A novel feature of our data set is that it contains pre-listing information, which

allows us to compare companies’ pre- and post-listing performance.6 Another feature

of the data set is that it is free of survival bias that may cause problems in studying

listing effects on company performance. No firm in our data set ceased operations or

was de-listed after going public. Although China’s bankruptcy law was passed in

1986, listed companies can usually count on the government or state-owned banks to

bail them out of financial difficulties and hence avoid bankruptcy. Also no publicly

listed firms returned to private ownership in our sample period. Only in 2001 did we

observe the first incidence of de-listing.
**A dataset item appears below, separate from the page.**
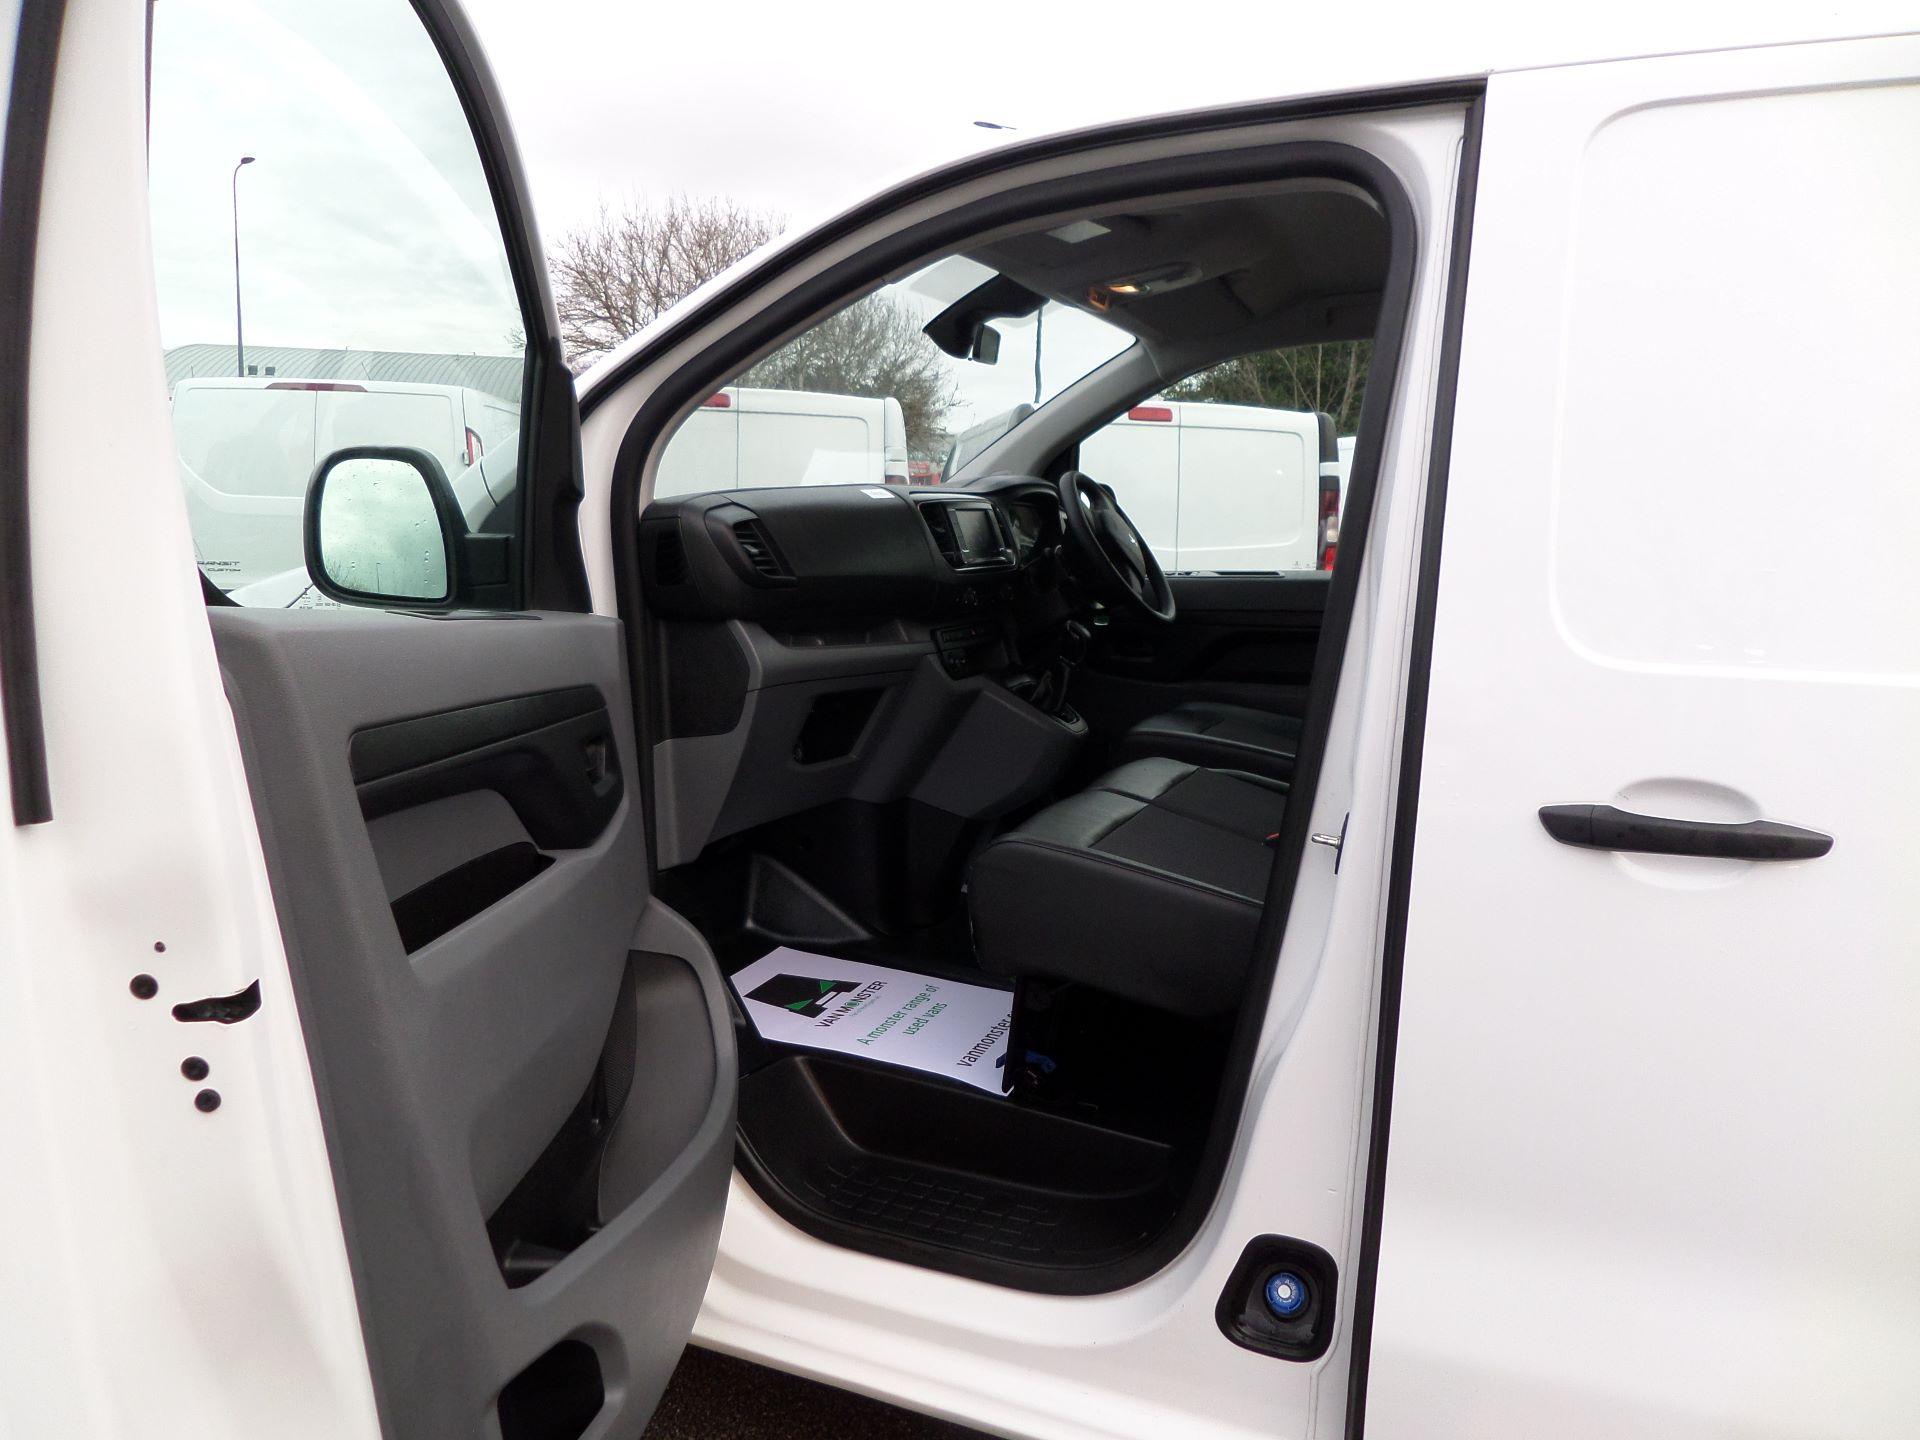 2018 Peugeot Expert 1000 1.6 Bluehdi 95 Professional Van Euro 6 (NU68BFX) Image 9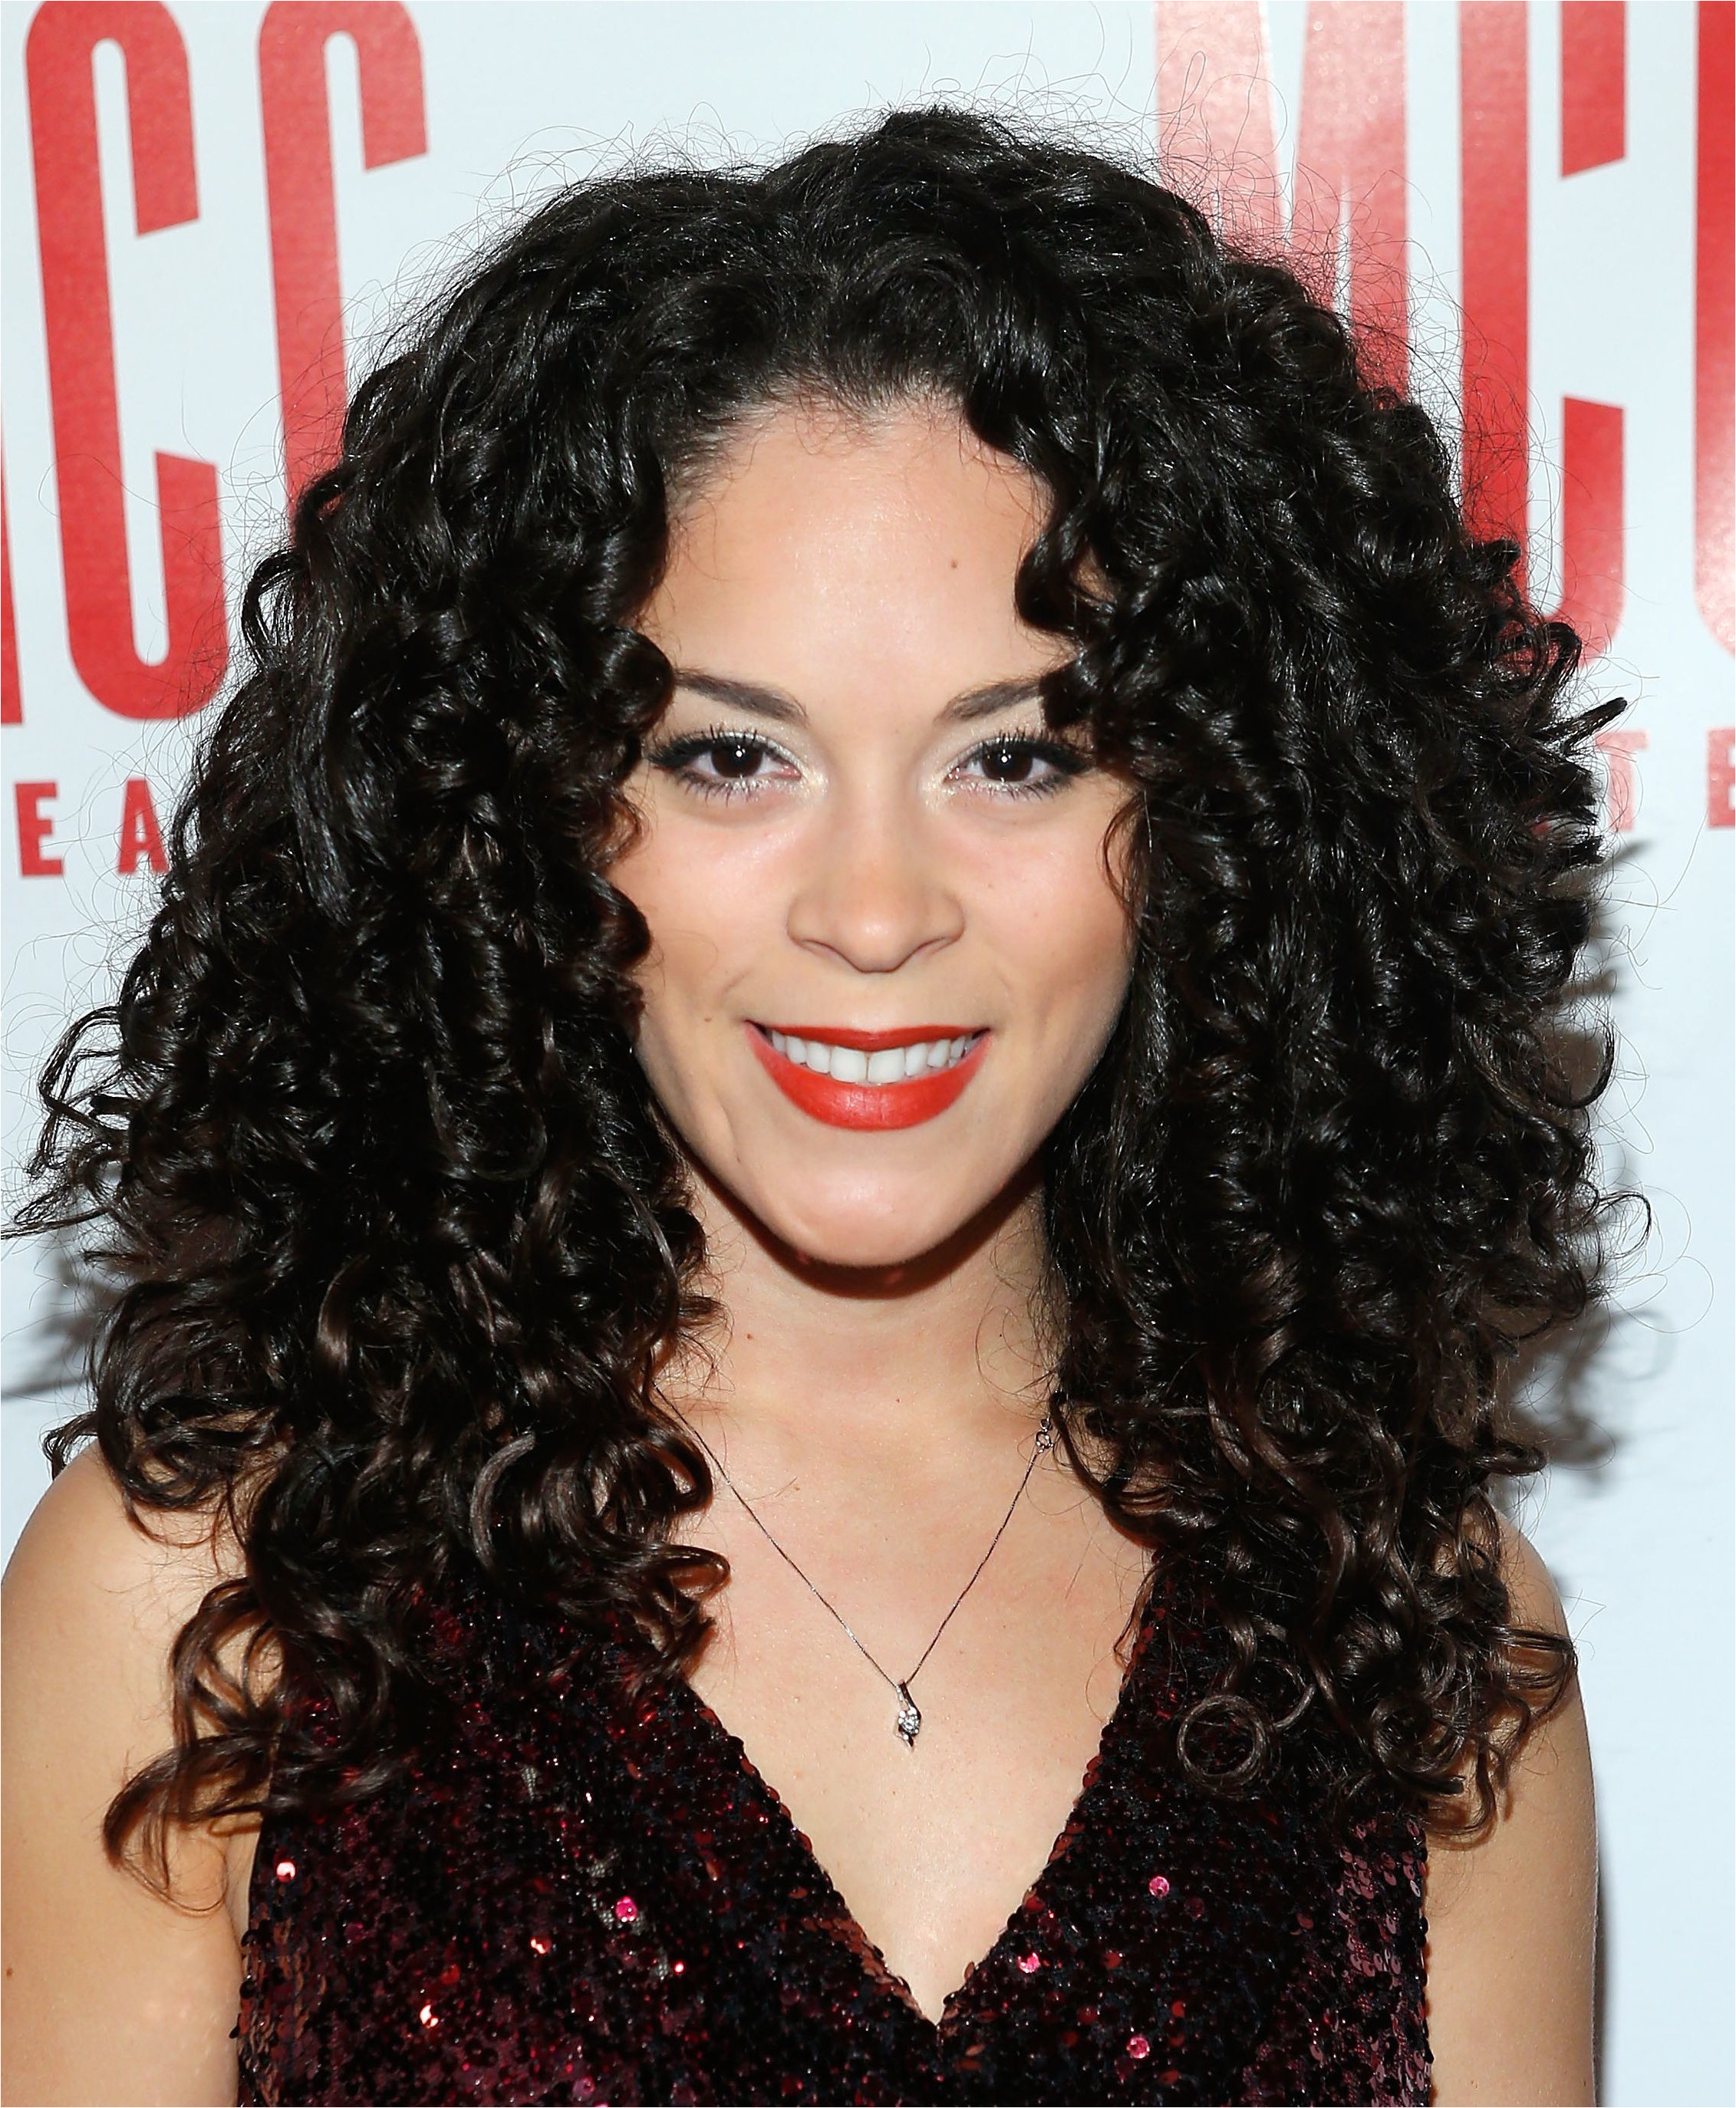 curly hair long black 56a0848f3df78cafdaa260b2

In our regression analyses, we follow the existing literature in choosing our

dependent and explanatory variables. This allows us to highlight the similarities as

well as differences in the effects of public listing in China in comparison with

countries that have been previously examined in the literature. Definitions of variables

are listed in Table 2.

6 IPO firms are required by law to provide three years of audited accounting data prior to listing.

However, since the CSRC was established in 1992, two years after the first stock exchange was

established, and major disclosure rules were only issued in 1993 but were not immediately strictly

enforced, the disclosure standard was not consistent during the first half of 1990s. As a result, about

20% of firms in our sample did not produce complete three-year pre-listing data.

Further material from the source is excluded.